Voor God is er geen onrechtvaardigheid te zien, het leven vertegenwoordigt de eigen levensgraad én de wereld waartoe dat leven behoort.
Zo zien wij, dat de mens zijn eigen ruimte heeft geschapen, het dier eveneens en Moeder Natuur bleef niet ten achter.
Deze levensgraden zijn het nu, die de bestaande scheppingen vertegenwoordigen, doch dan staan wij voor de náscheppingen.
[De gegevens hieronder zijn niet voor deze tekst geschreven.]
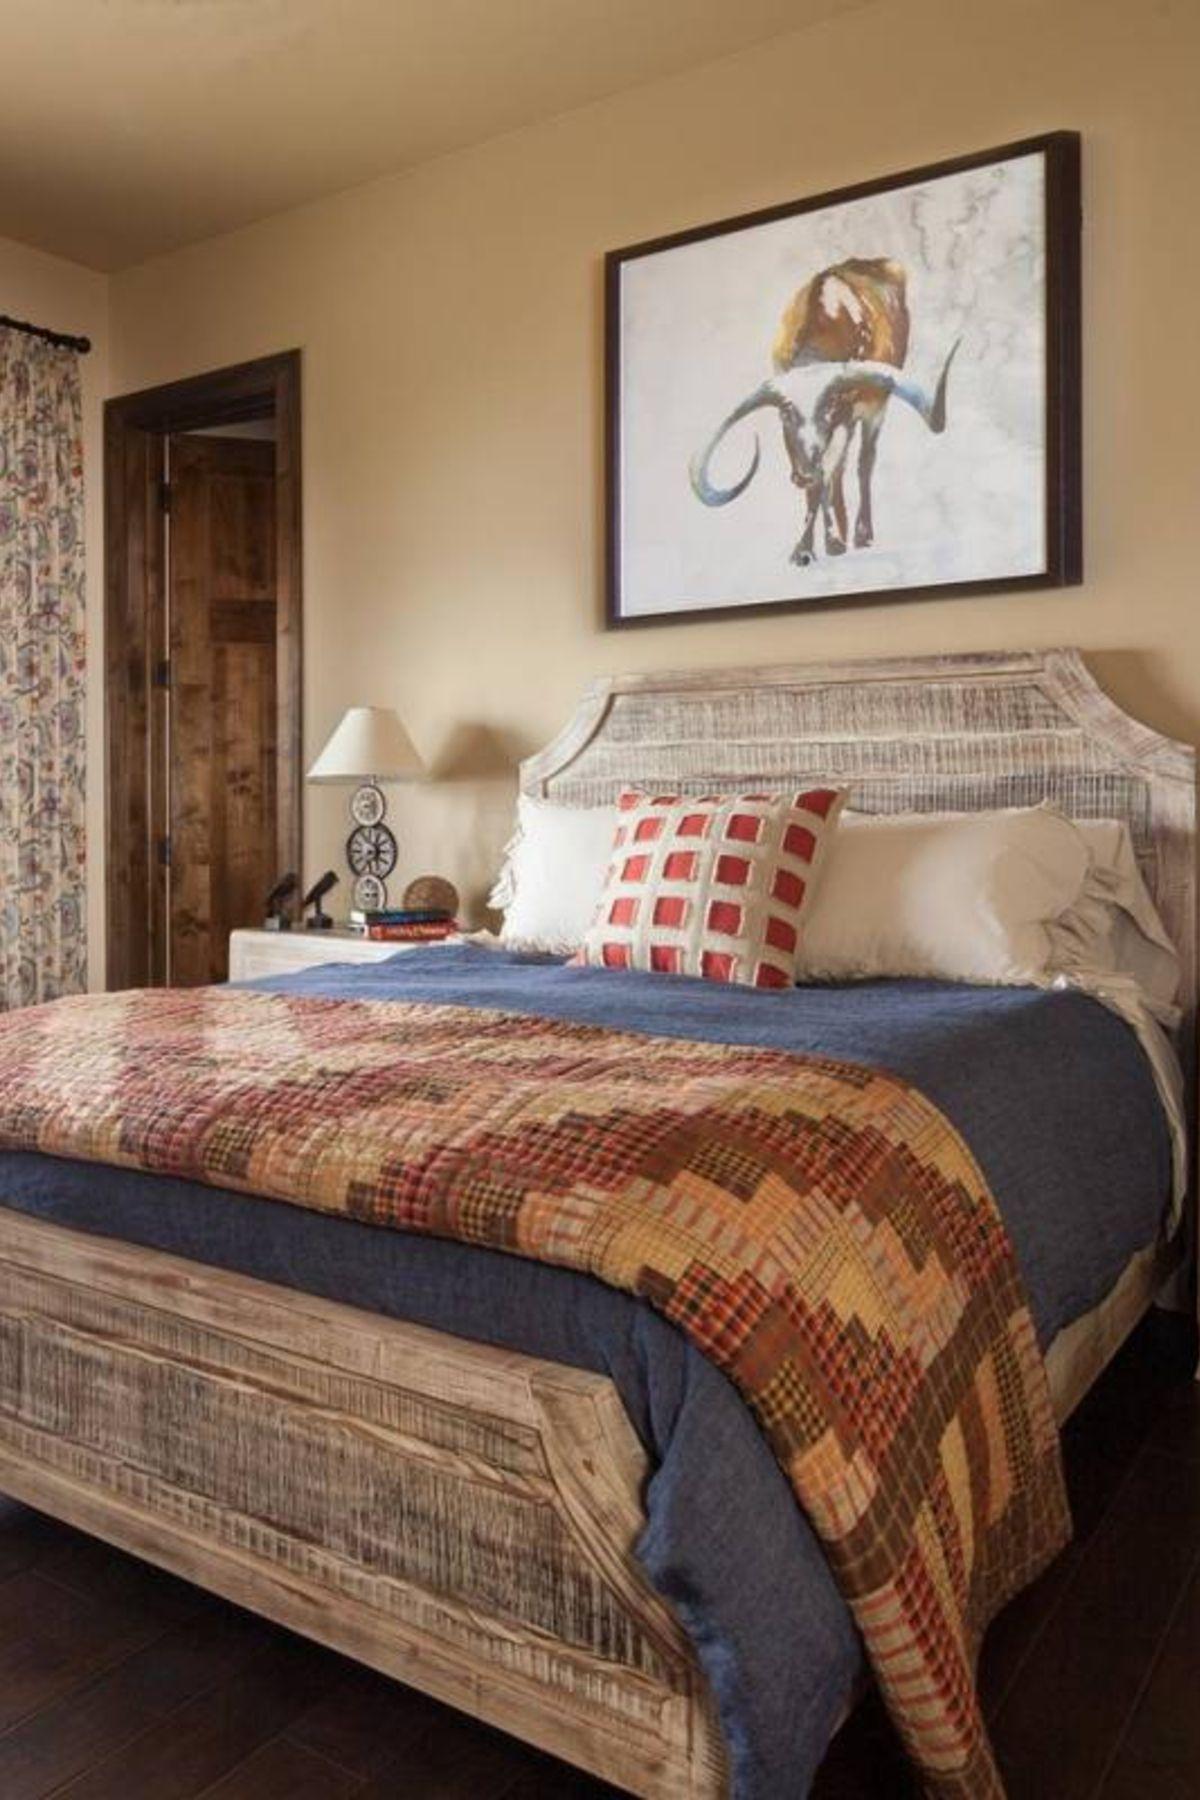 Rustic Romantic Bedroom Ideas: 39+ Guest Bedroom Decor Ideas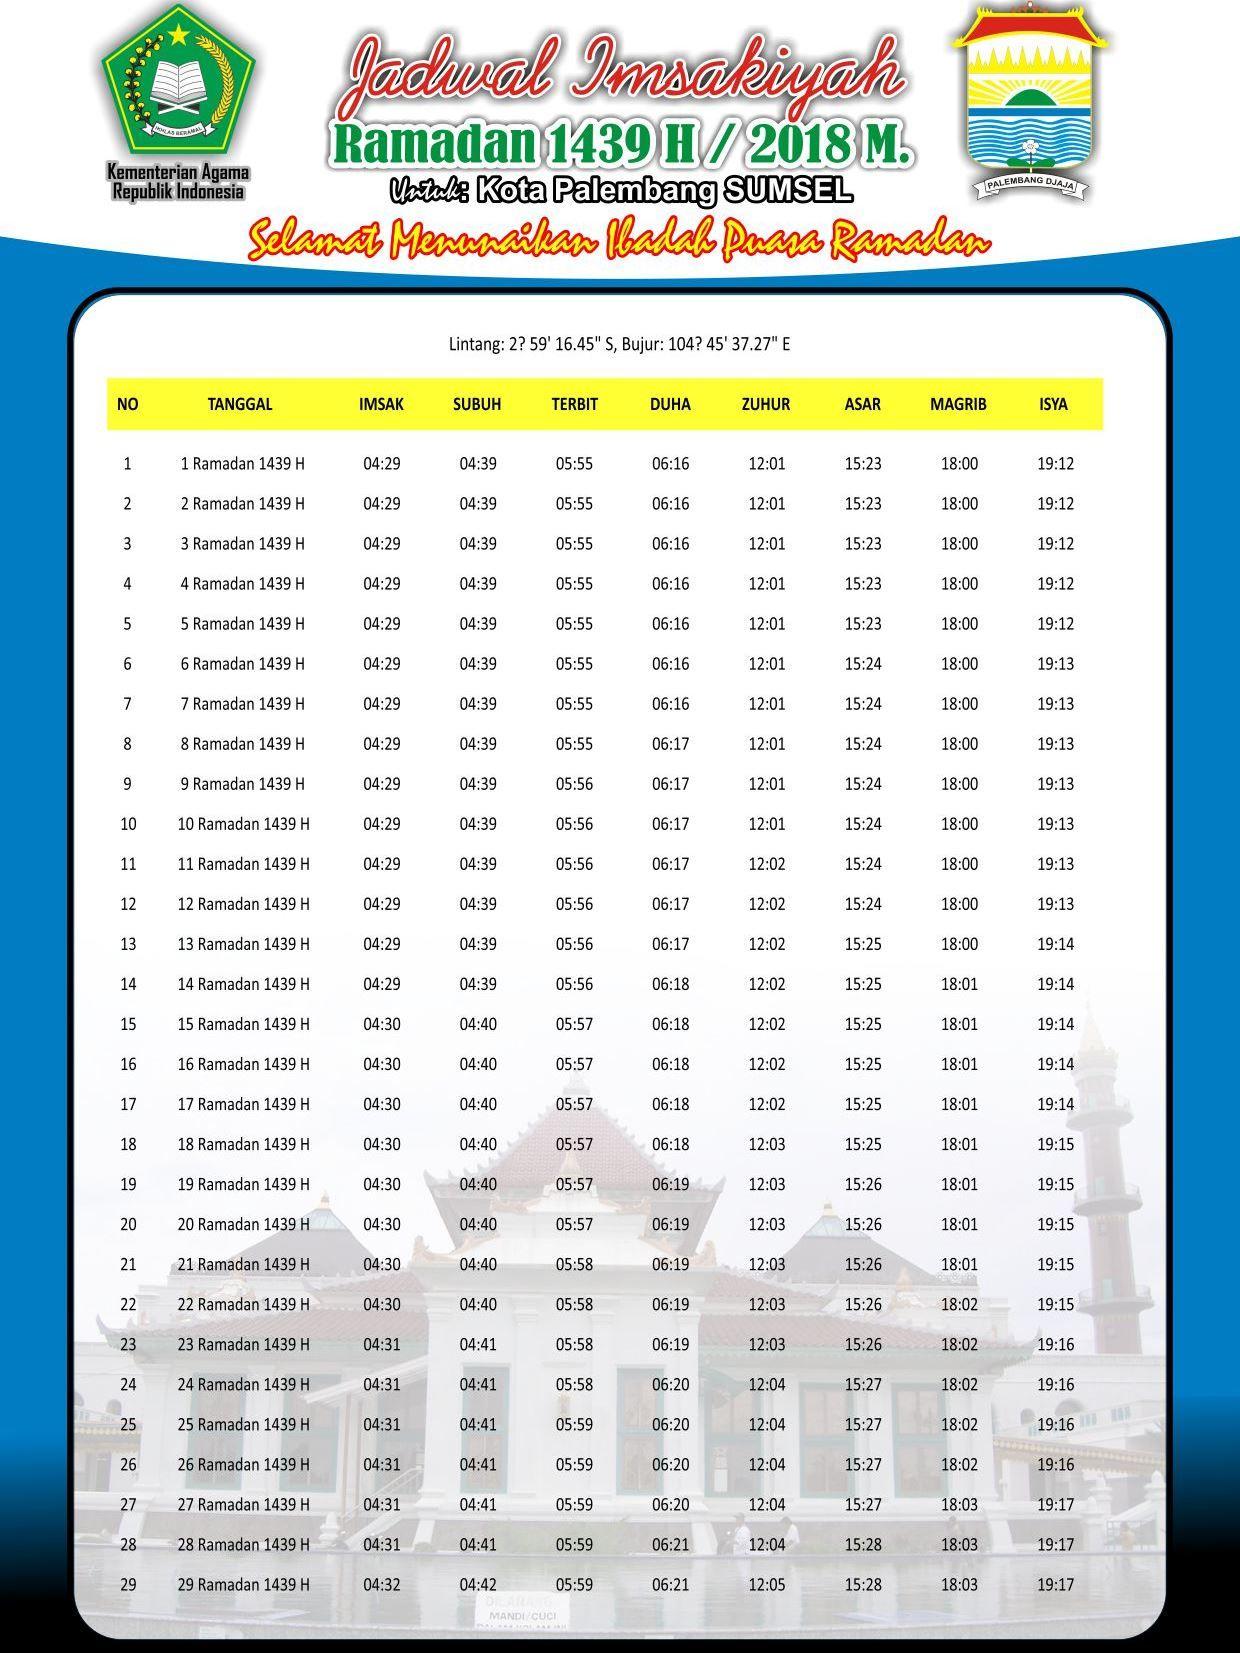 Imsakiyyah Puasa Ramadhan 1439 H 2018 Jadwal Free Download ...

En wat wil dat betekenen, André-Dectar?”
„Wat ik nu zie, mijn meester, verbindt mij met de Aarde en dan beleef ik het ongedierte.
Ik kom tot het leven en bewustzijn van de insecten, landelijk en waterlijk bestaan, kruipend en vliegend leven, doch nimmer Goddelijk bewustzijn kan beleven omdat thans de zeven levensgraden het uiteindelijke stadium hebben bereikt.
Is een luis, een worm, ’n insect in staat om sferenbewustzijn te vertegenwoordigen?
Néén, daarom behoren die levens tot de náscheppingen.”
„Inderdaad, mijn broeders, ook die wetten leren wij kennen en stellen dan vast, wáár het leven voor het „AL” begint en waar het eindigt, wáár menselijk bewustzijn beleefd en gevoeld wordt en waar zo’n levensgraad door de ziel als mens overwonnen werd, dat leren ons deze wetten en hebben wij dan ook te aanvaarden.
Wij als mens, het dier en de natuur zullen dus de bestaande levensgraden verstoffelijken en vergeestelijken.
Dat wij voor de Maan een uiteindelijke levensgrens hebben te beleven, is bovendien de Goddelijke wet voor ziel, geest en persoonlijkheid.
Doch hierna gaan wij verder en het is daardoor, dat er opvolgende ruimten zijn ontstaan, die thans door het planeten leven vertegenwoordigd worden en door „Zon” én Maan werden geschapen.
Wij leren dat óngedierte nog kennen en zullen ook daarvan de levensgraden beleven en ontleden, want gáns deze ruimte ligt nu voor ons leven en bewustzijn open!
Maar voelt ge, mijn broeders, hoe ontzagwekkend alles is?
Een „worm”, ook een natuurkind, bezit echter voordierlijk bewustzijn?
Dat is ónbewust, dierlijk gevoelsleven!
Uit rotting geboren!
Dat leven, dat zich verdicht ín de aarde, ook ín de wateren, een „kwal” (en) „krab”, bijvoorbeeld, zijn ontstaan door al die vorige rottingsprocessen ván de bestaande levensgraden die tot de schepping behoren.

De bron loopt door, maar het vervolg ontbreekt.